Closing her eyes, she considered the required spell anew. This time, she ignored the method her master had drummed into her and considered her own way of achieving the same end. Instead of infusing a preservative into the potions that were sought after by noble ladies, Sera worked with the oils and herbs to extend their lifespan.
Her way took longer, each ingredient individually examined and coaxed into altering its form. Rather than forcing them to comply, she enhanced them from the inside. By the time she finished, the entire row of bottles vibrated with a faint song and a sparkle added to their glow. Work done, she placed stoppers in the bottles.
Arching her back, she relieved muscles cramped from a day bent over the table. Then Sera removed her apron and hung it on a hook by the door, before scrubbing her hands in a bowl of water. She tossed the dirty water down a drain in the corner, where it gurgled and swirled before racing off to join the rest of the wastewater on its course to the river.
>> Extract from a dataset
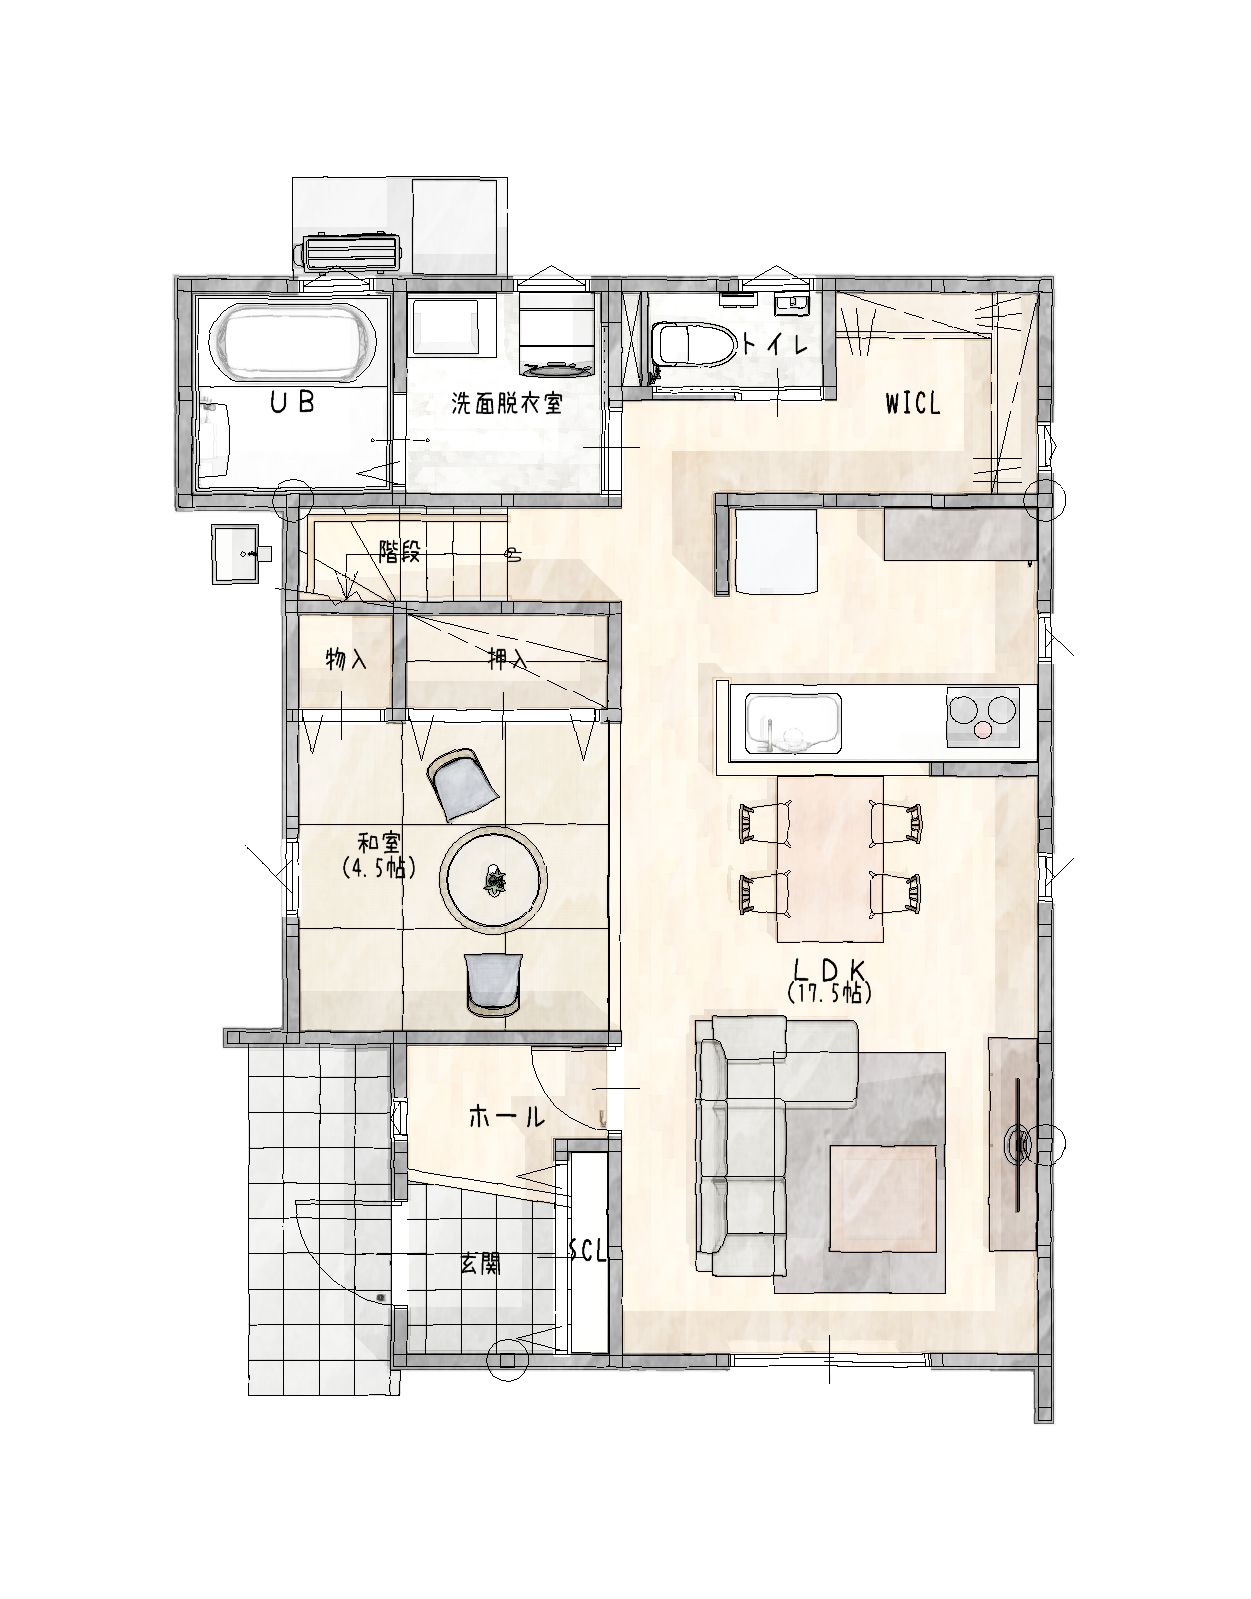 武雄市新築住宅「OURS川良6号地」1階平面図

She hurried from what had once been a storeroom and along the servants’ hallway. A quick glance at the clock in the servants’ hall as she passed confirmed she had perhaps an hour before Lord Branvale returned and demanded to see her work. She hurried on to the bright kitchen.
In the most warm and welcoming room of the entire house, Sera pulled out a chair and sat at the long oak table. The skylight above cast watery sunlight over her as she poured a mug of light ale from the jug and took several long gulps of the refreshing drink. Her throat was parched from a long day in the former cellar, and her stomach complained about the lack of sustenance.
“Here, that stomach’s so loud you’d wake sleeping babes.” Rosie Privatt, the cook, used a towel to pick up a plate from the stove and carry it over. Under the cast iron lid, she had kept warm a few slices of beef, potatoes, and long beans. Short in stature, Rosie had a generous smile and a kind nature. When Sera had joined the household, Rosie had been the cook’s assistant and, from their first day together, she had treated the young mage like a sibling.
“You are a gem, Rosie. I would starve without you.” Sera picked up a fork and silenced her grumbling stomach.
Her statement was literally true, as their master often worked Sera for long hours with no respite. He didn’t care if she ate or not, but he certainly ensured that he never skipped a meal. Not that she received any special lack of attention; Branvale treated all the servants under his roof poorly. His status as one of England’s twelve mages confirmed, in his mind, his superiority over everyone else.